2022年11月16日にForbes JAPAN オンライン配信イベント「Future HR Dialogue  -サステナビリティ経営における人的資本経営の役割-」(協賛:SAPジャパン株式会社)がオンライン配信により開催されました。

昨今の企業経営トレンドである「人的資本経営」は、企業のサステナブルな成長を語る上で欠かせないものとなりました。人材を資本として捉え、企業価値に繋げていくために、日本企業は今後どのような姿を目指していけば良いのでしょうか。 今回は、そんな疑問に答えた3つセッションのサマリを2回にわたってご紹介します。

第一人者が語るバズワード “人的資本経営” の本質とは

一橋大学CFO教育研究センター長 「人的資本経営コンソーシアム」会長 伊藤 邦雄 氏

オープニングセッションでは、「人材版伊藤レポート2.0」を監修された、伊藤邦雄氏がご登壇されました。

まず、伊藤氏は、日本の経営層に対する期待として、人材を資本捉えて投資し、価値を高めていくことで企業価値の向上に繋げる「循環の経営」に向かって欲しいと述べました。これまで投資家は、経営戦略やビジネスモデルから将来的なキャッシュフローを予測していましたが、経営戦略の担い手である人材の情報が入手できませんでした。今回、政府の可視化指針によって企業から人的資本情報が開示されることで、投資家は企業の経営戦略と人材戦略のつながりを把握できるようになります。これからは、企業の情報開示の姿勢によってバリュエーションが切りあがる会社が出てくる一方で、切り下がる会社も出てきます。そこで、まずやるべきこととして、経営戦略と人材戦略のリンケージが保たれていることを説明するために、スキル情報を含む人的資本情報と取り組みの進捗状況をKPI化して管理することを、伊藤氏は挙げました。

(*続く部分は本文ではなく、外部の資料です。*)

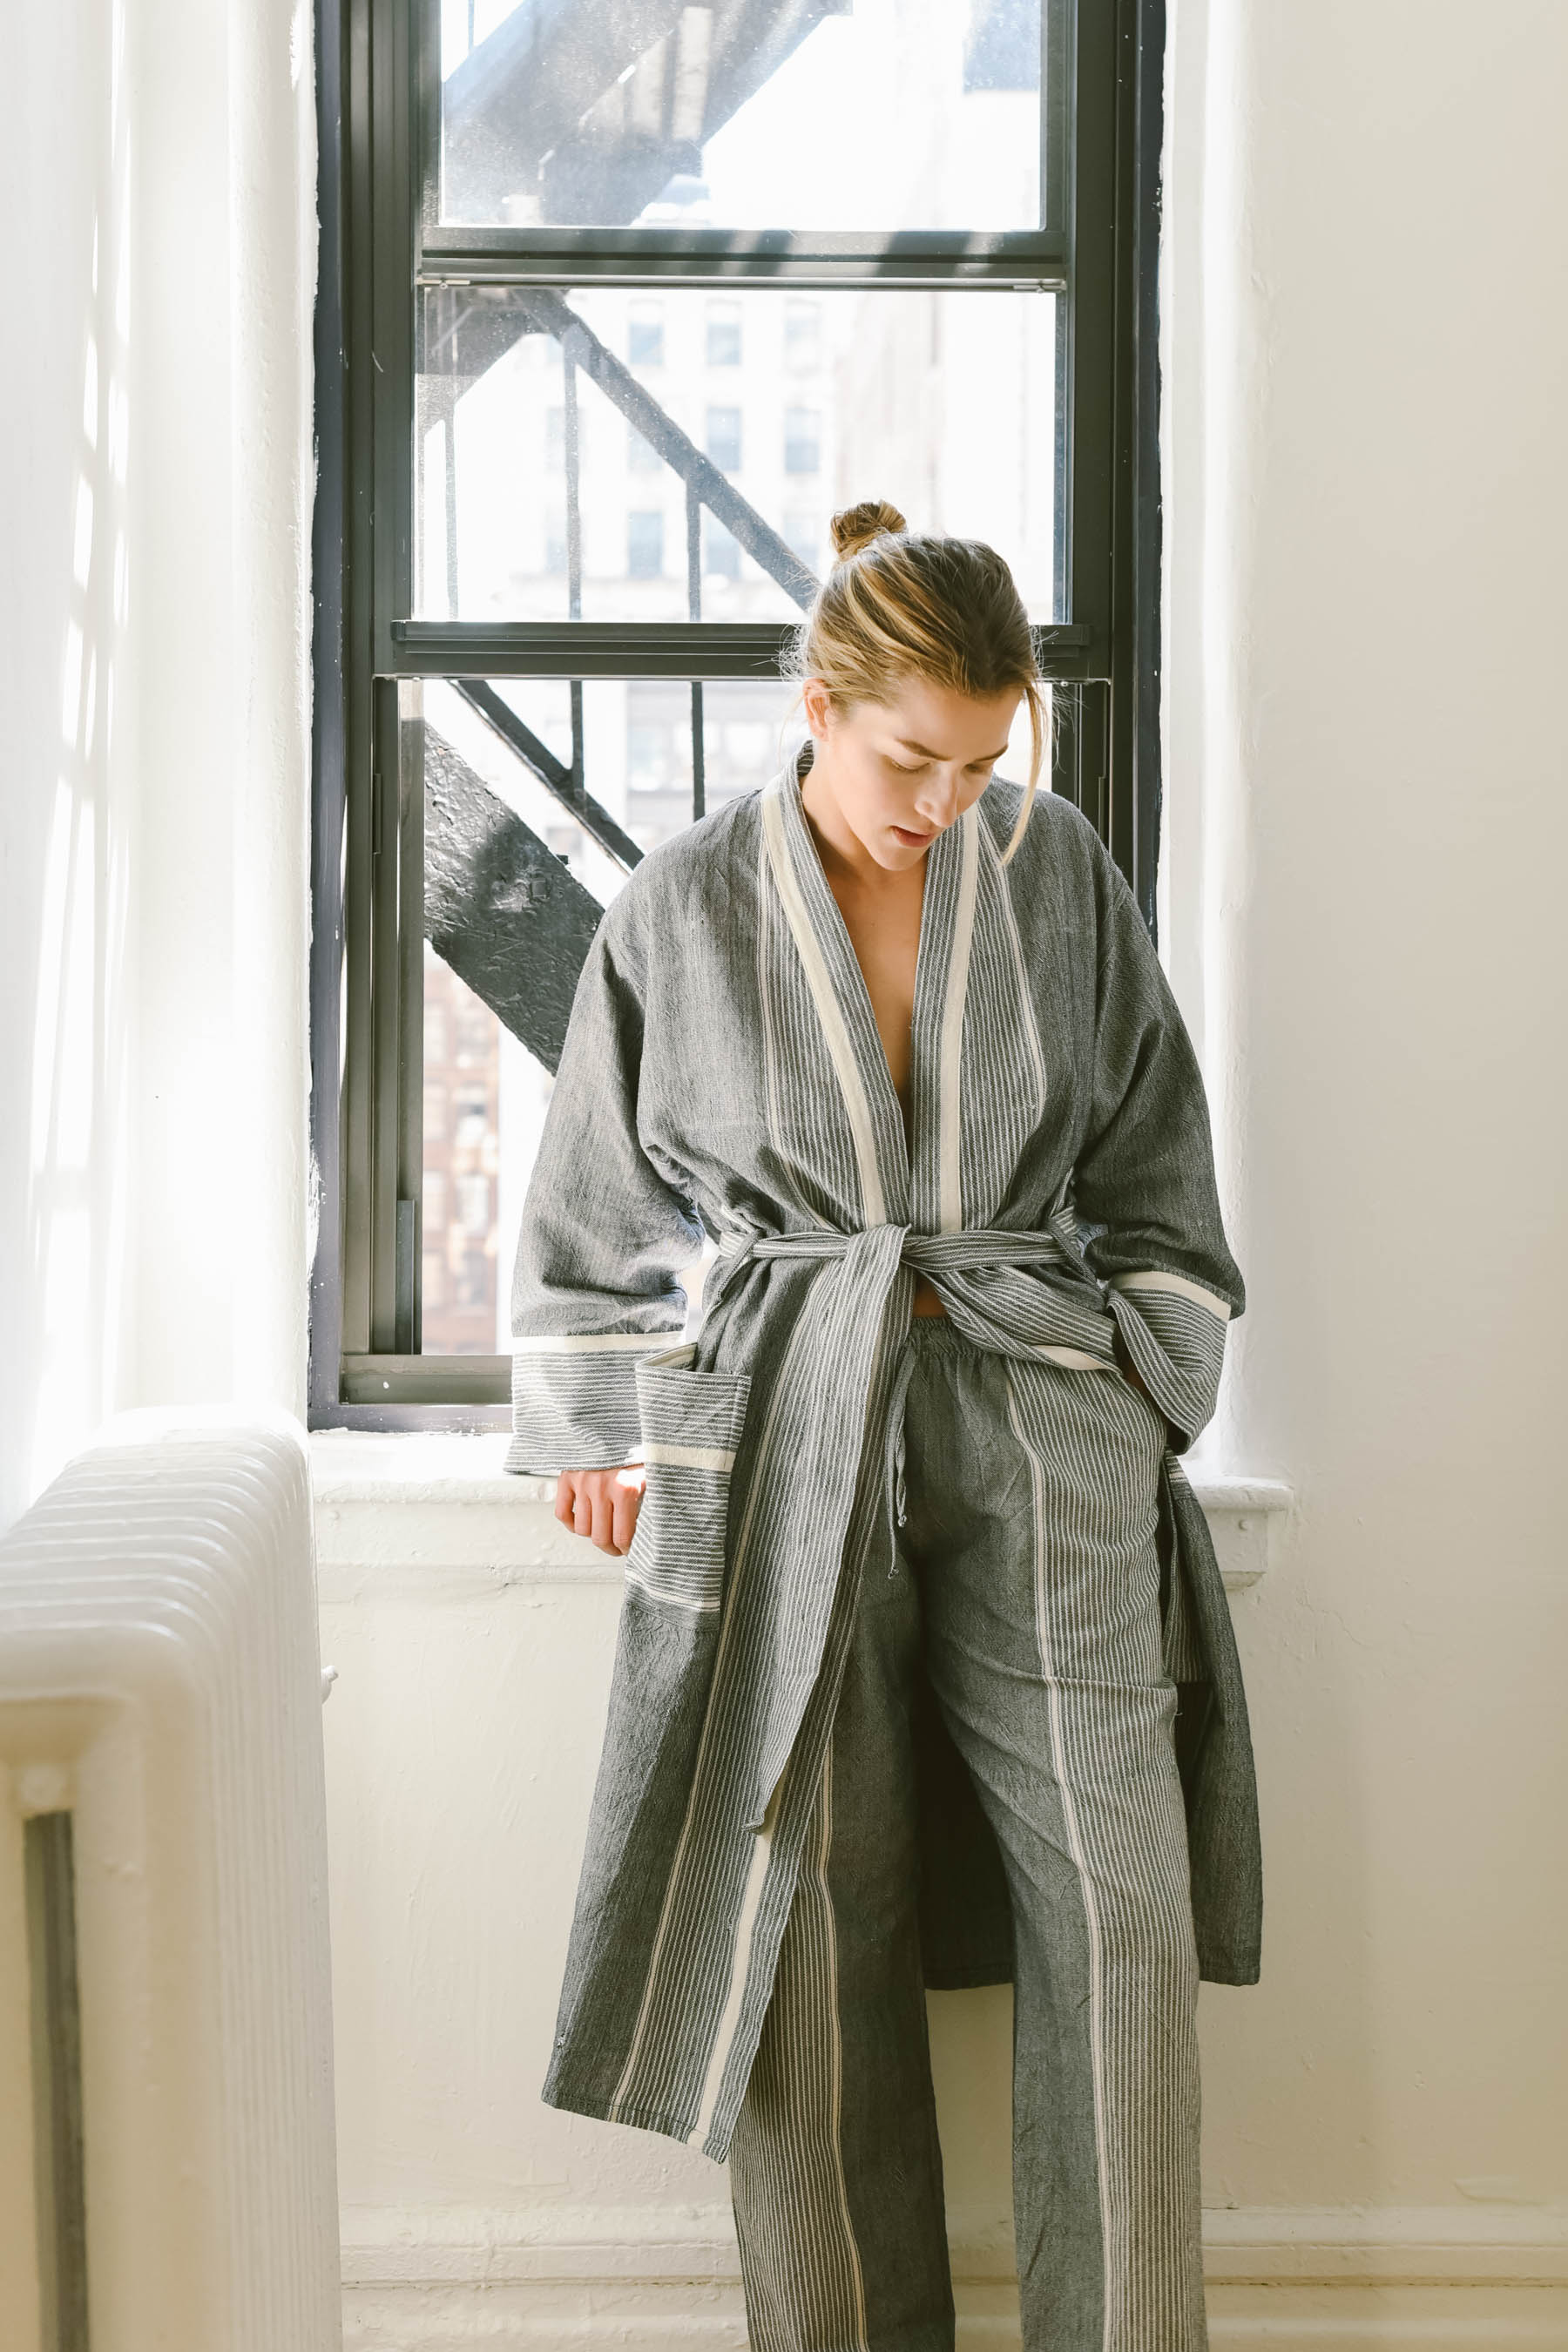 Grey Stripe Tribeca Hand Towel – Home & Loft
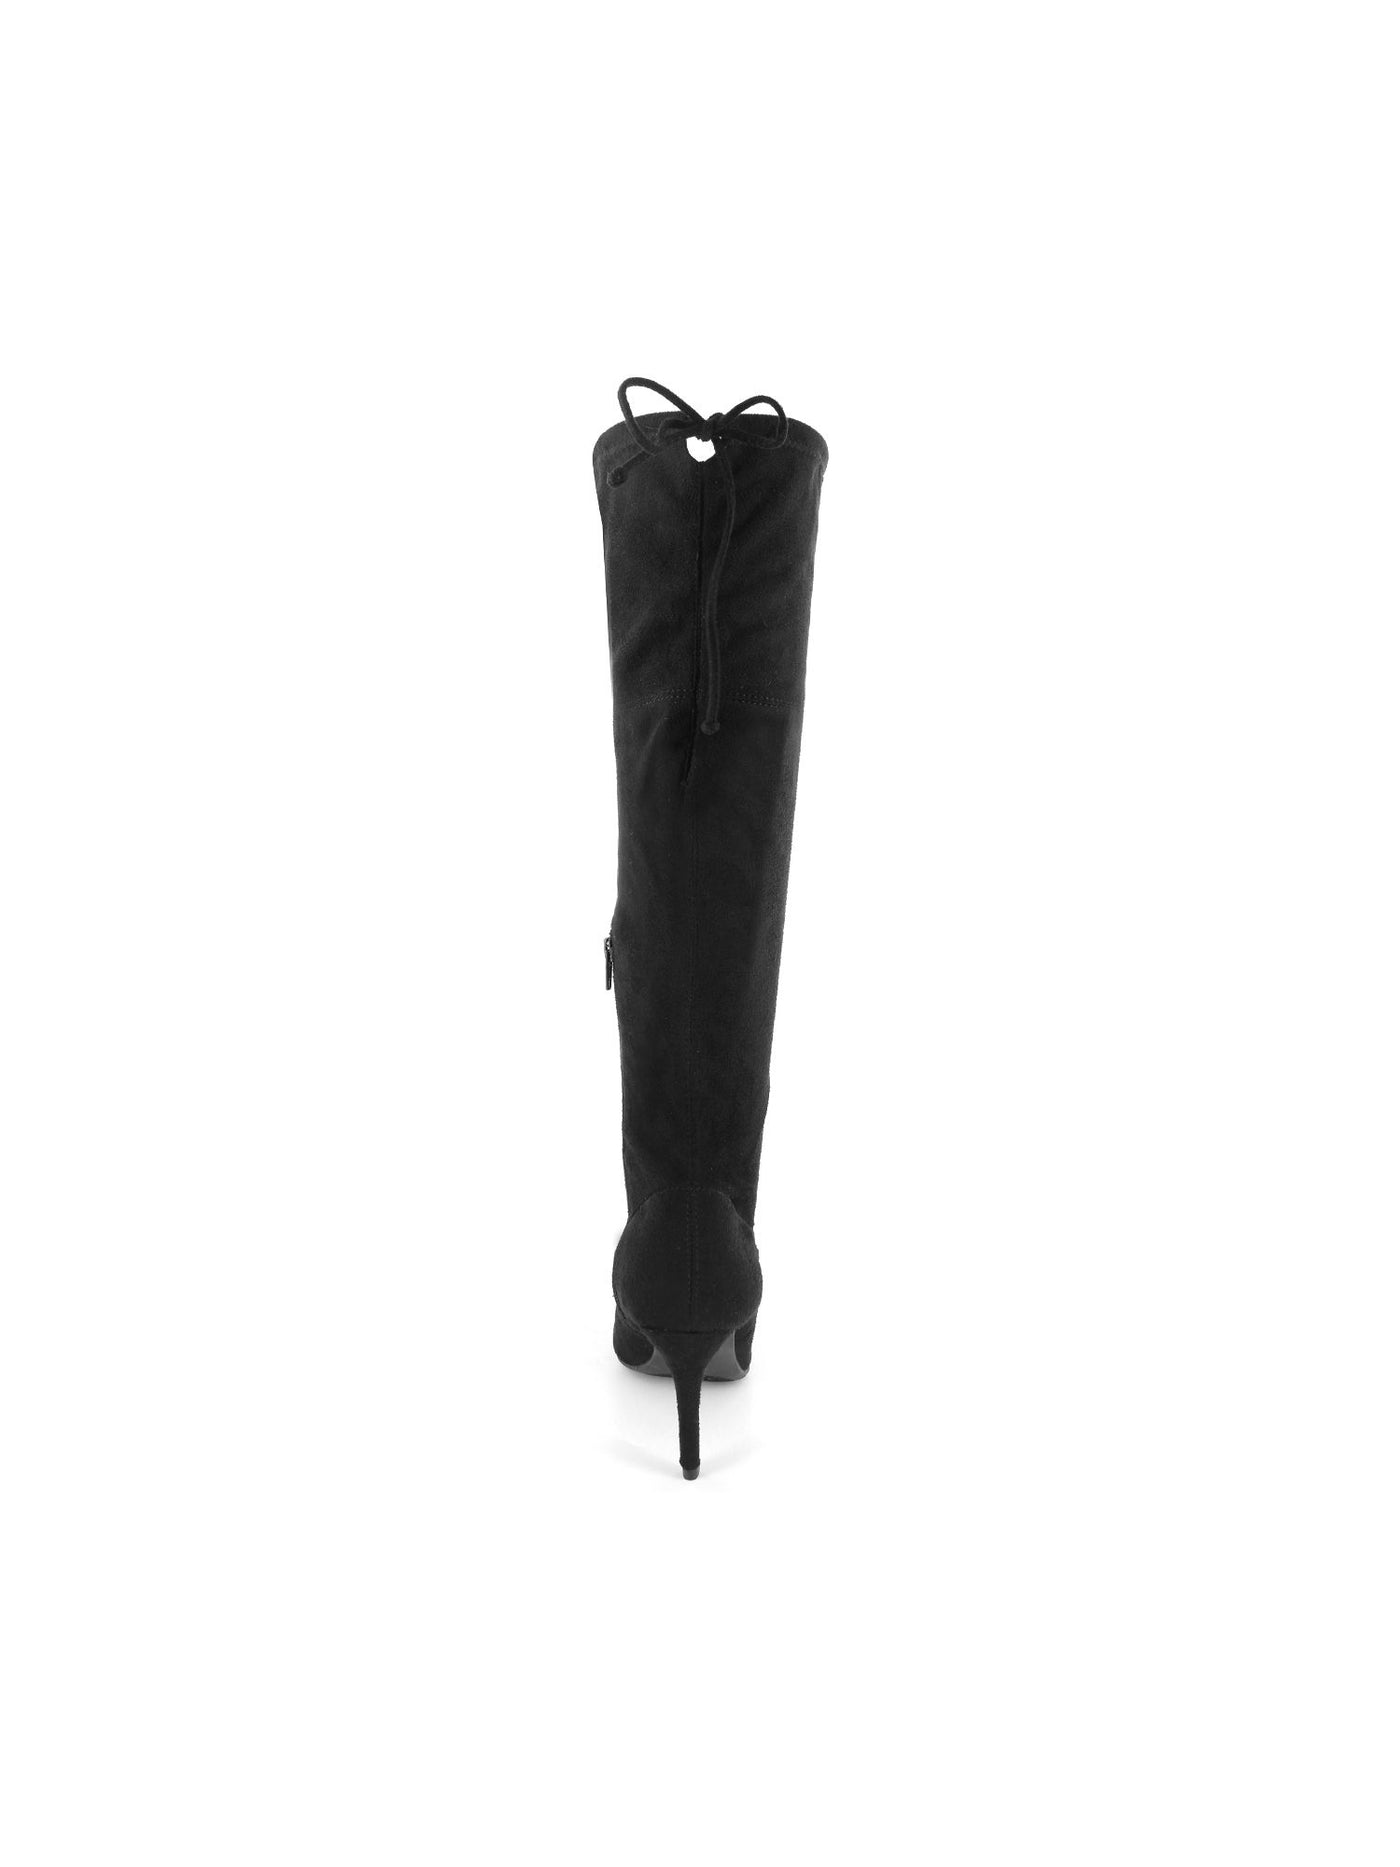 ZIGI SOHO Womens Black Tie Back Padded Silla Pointed Toe Stiletto Zip-Up Dress Boots 8 M

その上で、自由闊達でイノベーションが創発され、リスキリングが評価・称賛されるような企業文化作りが必要であると述べました。これまで日本企業は、人材を人的資源と捉え、コストや人数として管理してきました。しかし、伊藤氏は「これからは、一人ひとりのスキル・経験・ナレッジを丁寧に見て、適所適材、かつきめ細やかな動的な人材ポートフォリオが求められます。」と語りました。そして、人的資本への投資が事業価値向上につながっていることを説明するためには、財務情報と非財務情報が融合した企業価値の成長をストーリーに仕立てて、投資家に語ることが大事だと述べました。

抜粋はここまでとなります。